Saturday, May 24, 2014

Death of a friend - Ruth's story

This was written on August 29, 2010 on Helium. Helium is closing down but the story is still important to me so I am re-posting it here. All 300 of my articles on Helium will disappear at the end of the year and like this one, there are many I want to save. 

Ruth's story

The tubes and the heart monitor had become part of the background. The constant beeping, annoying at first, now seemed to offer comfort and hope. I watched her from the doorway, too young to be allowed in the room.
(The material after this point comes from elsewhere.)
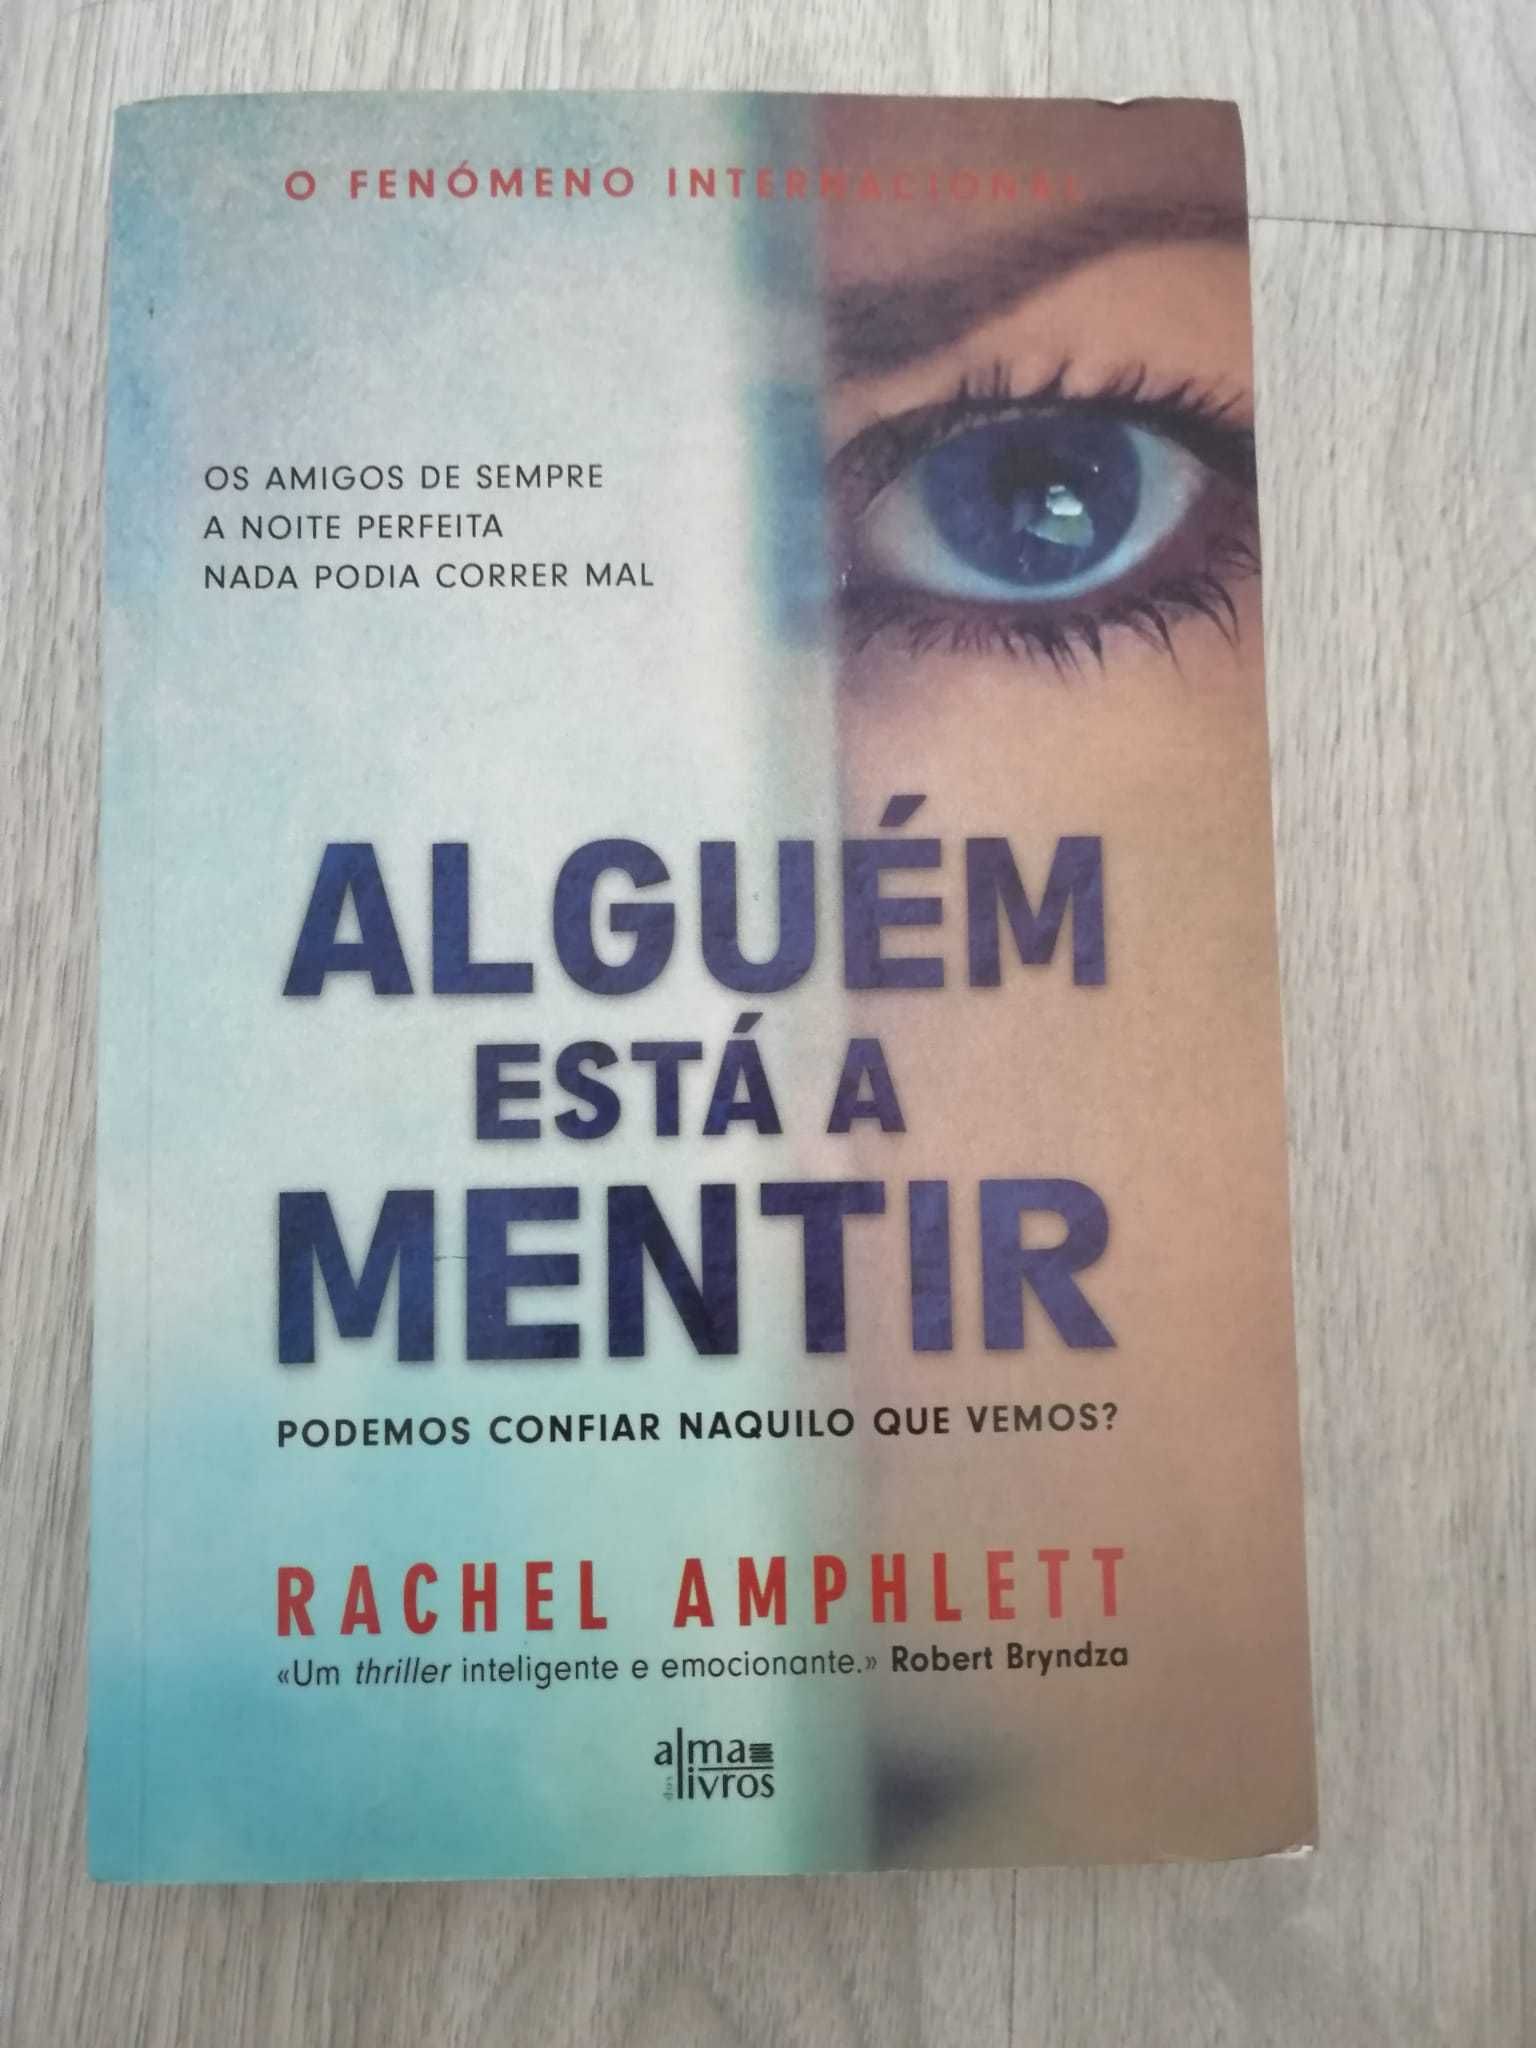 Livro "Alguém está a mentir" de Rachel Amphlett

The fifteen-year-old girl on the bed was often asleep when I came to visit. I would call her name softly when I arrived. “Ruthie”, I said quietly, “Are you awake?” Sometimes her mom would be there and gently touch a spot on her shoulder that was not wrapped in bandages.
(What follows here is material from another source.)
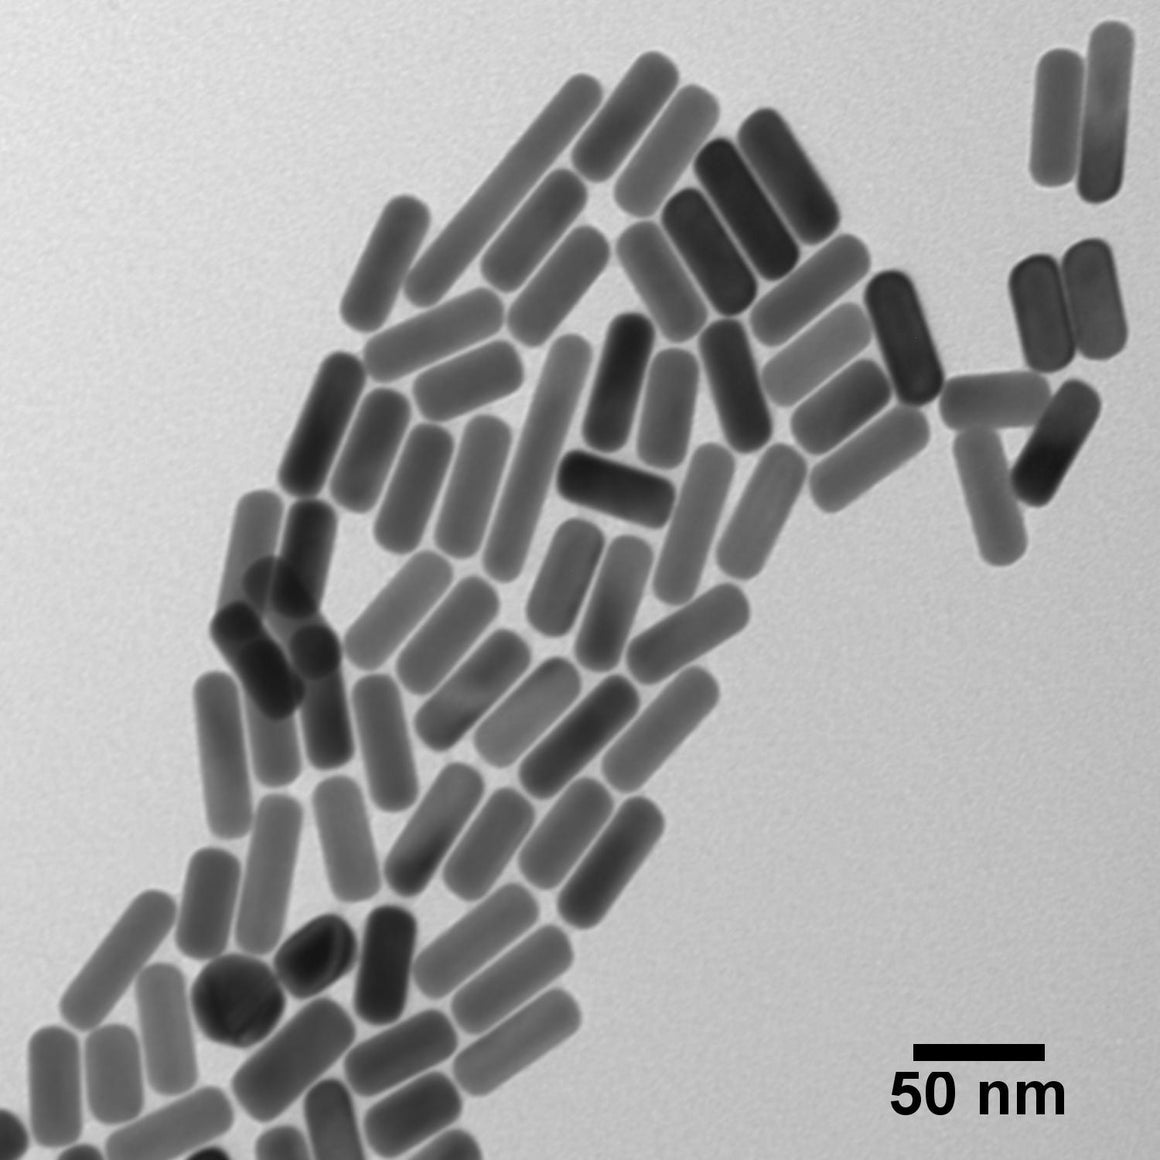 NanoXact Gold Nanorods – PEG

The smile that erupted when she saw me standing in the doorway was contagious. “Hi”, she would say cheerfully, “I just had the best dream”. Not believing that anything bad could come from this I said, “Tell me about it”.

“We were little. We had those old-fashioned clippers and were playing barber in the empty house next to mine. We cut off all of Jackpot’s hair”.

Laughter erupted from the doorway. “That wasn’t a dream, that was a memory”, I said. I watched her on the bed, seeing her eyes crinkle in laughter. Loving her as much as I did, I did not see the bandages or the parts of burned skin that were visible. What I saw was the curly brown hair, sometimes wispy around her face. I saw dark brown eyes that viewed the world with wonder. I remembered the two little girls, one light and one dark, cheerfully cutting the hair of the 6-yr-old boy. We had been in so much trouble.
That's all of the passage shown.